When the SHTF there won’t be a Wal-Mart to go buy new socks from, so knowing how to sew and having an emergency kit to sew with is more than a good idea, it’s really a necessity.

Check out the dollar store for small, cheap sewing kits. You should be able to find one for less than $2 that comes with small spools of thread, a tiny pair of scissors, and a needle or two. You can beef this up by adding a variety pack of needles and a few heavy-duty needles. On top of the sewing materials, add in a few heavy-duty self-adhesive patches and now you can protect what you’ve just sewed.

Put all of this into a used Altoids tin and now you’ve got a sewing kit that should fix just about anything.

Gun Cleaning Kit

A good gun cleaning kit is essential to survival with a weapon.
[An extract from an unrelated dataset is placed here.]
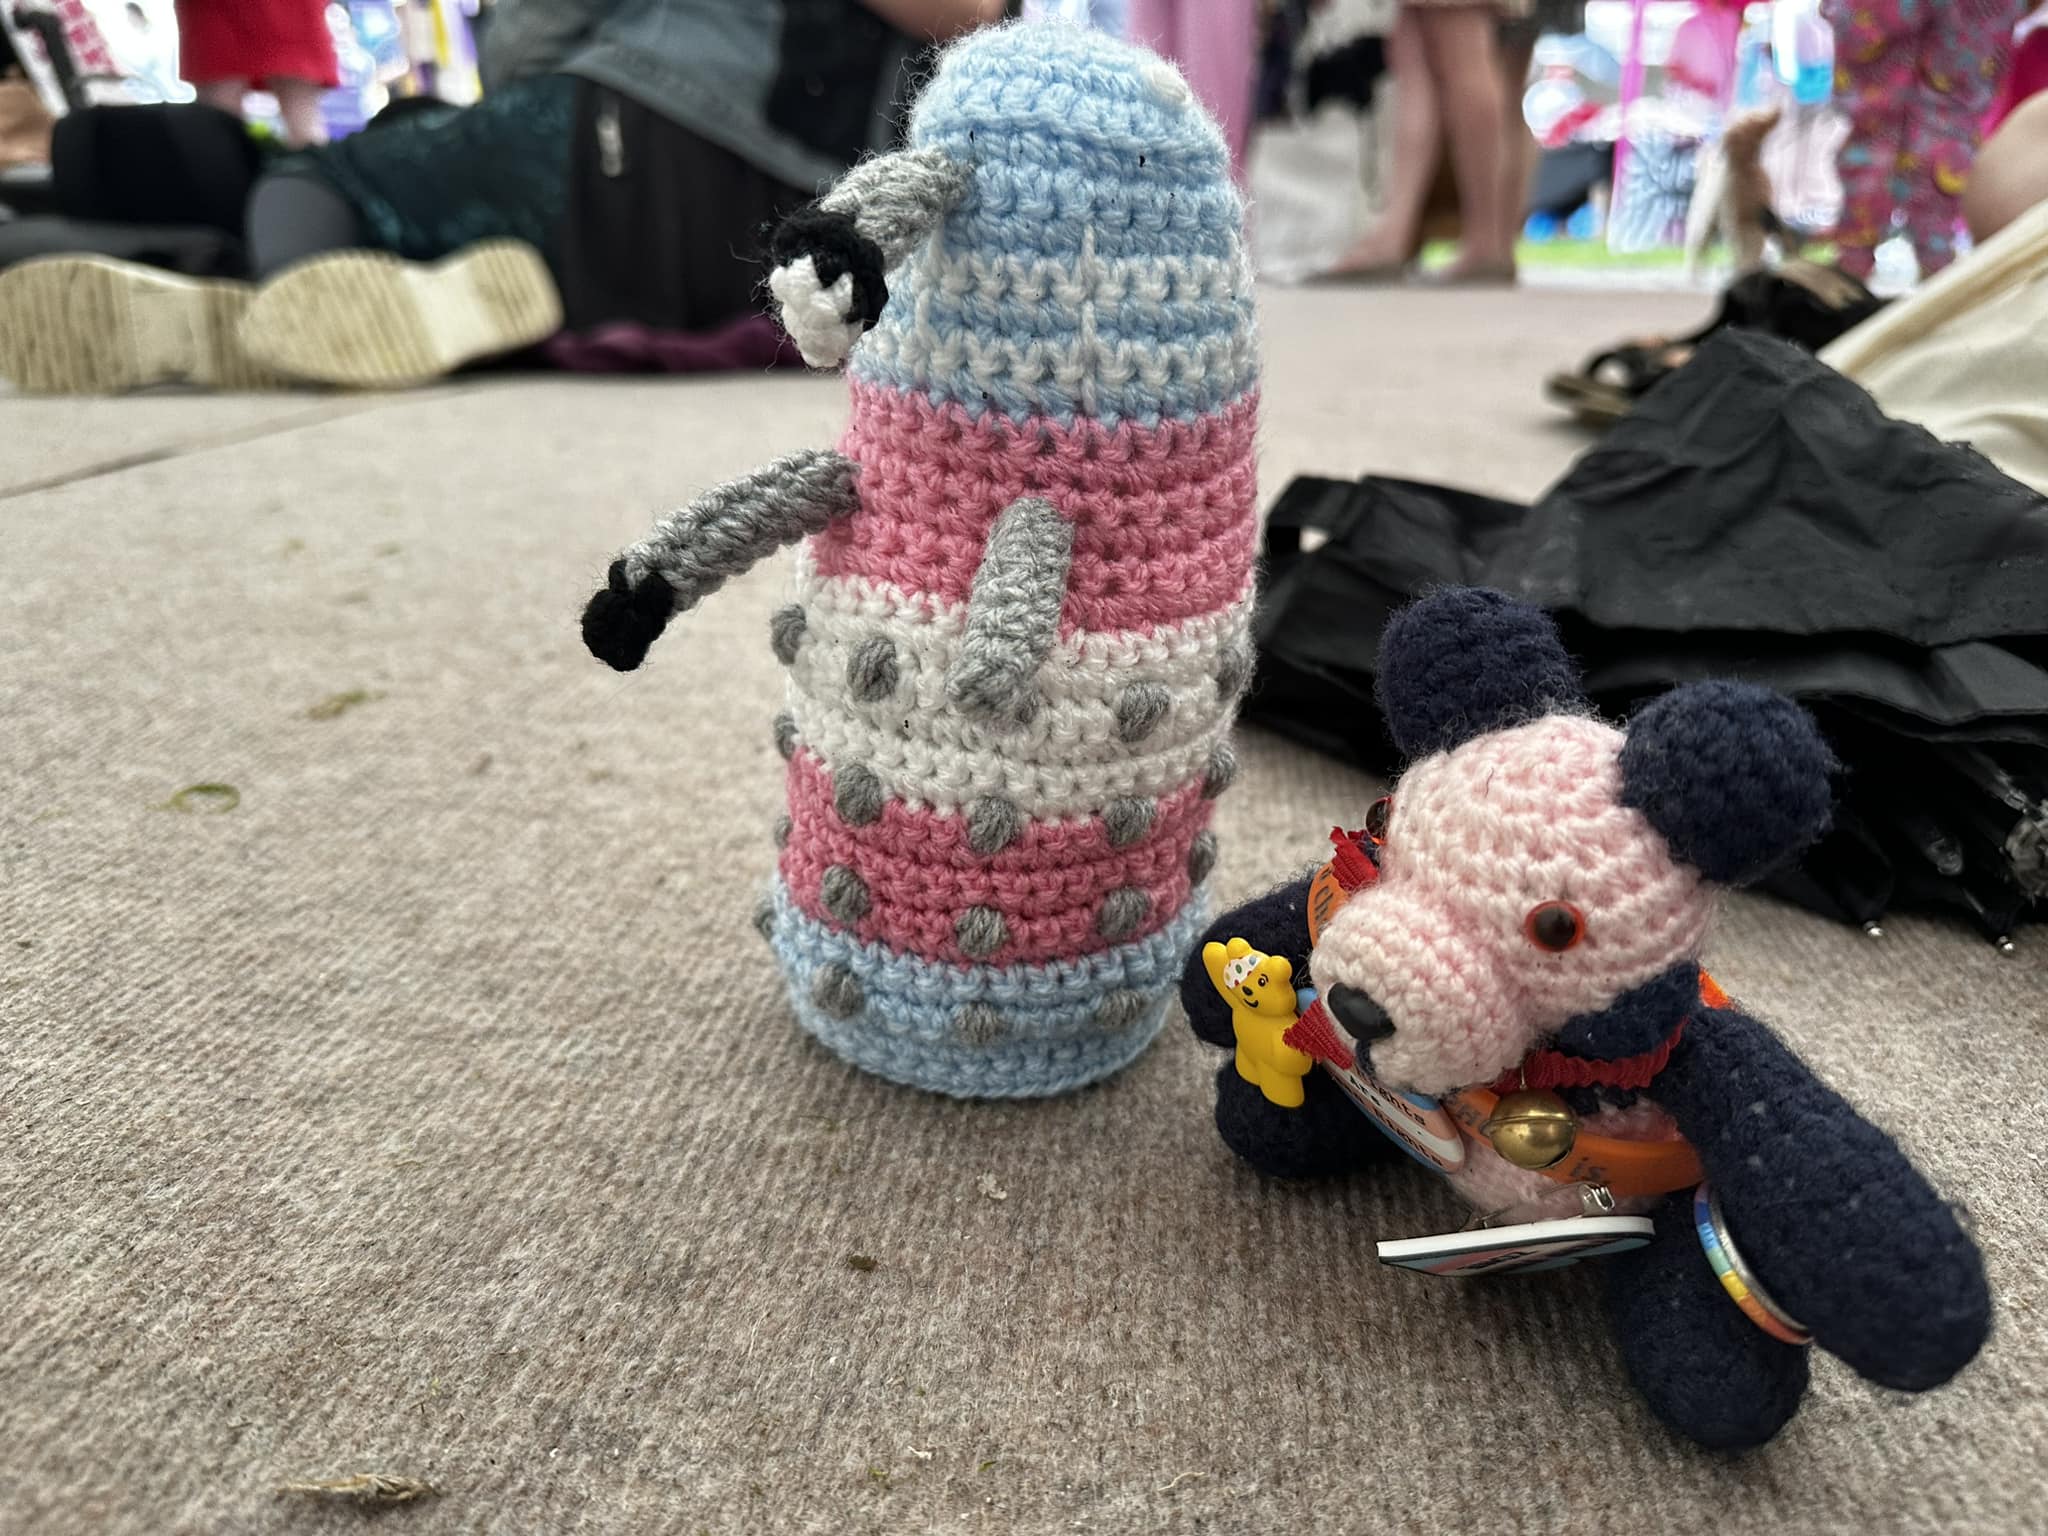 Crocheted panda and Dalek in a tent

You need to make sure your gun is always clean and in working order, but a full kit can be pretty bulky and expensive. For emergencies, you can build a small, cheap kit pretty easily.

Start with a bulk pack of cotton patches for around $3, then add a small bottle of gun cleaning solvent like Hoppe’s No. 9 for about $3. These together can help you perform standard maintenance on most weapons and can fit in your pocket.

Fishing Kit

The basics of a fishing kit are pretty, well, basic. Start with a spool of fishing line, 15 lb. test is great and should only cost you about $3. Next, a pack of hooks for around $3 and some sinkers if you can find them cheap and you’re all set!

Fishing is great because even though expensive rods and reels will help, you can do simple fishing with just these three tools. Put everything into another used Altoids tin and you’re one more step to a cheap bug out bag.

First Aid Kit

A good first aid kit will cost you $50 or more. These kits come with a little bit of everything in them so you’re ready for a little bit of any problem. The big problems, however, tend to use a few key items to get you up and going again.

Start with a roll of gauze and add in a self-adhesive bandage. Together these should cost less than $5. A travel pack of Band-Aids and a sample pack of aspirin will get you in at just about $6 for a basic first-aid kit.

Wrap-Up

Prepping doesn’t need to be expensive, but it shouldn’t be cheap, either. There are good places to spend your money and others where you can save a few bucks. The preps above aren’t meant to be permanent solutions, but instead are meant to be ones that you can keep in your car or bug out bag. Small, simple fixes for survival problems until you can solve them for good.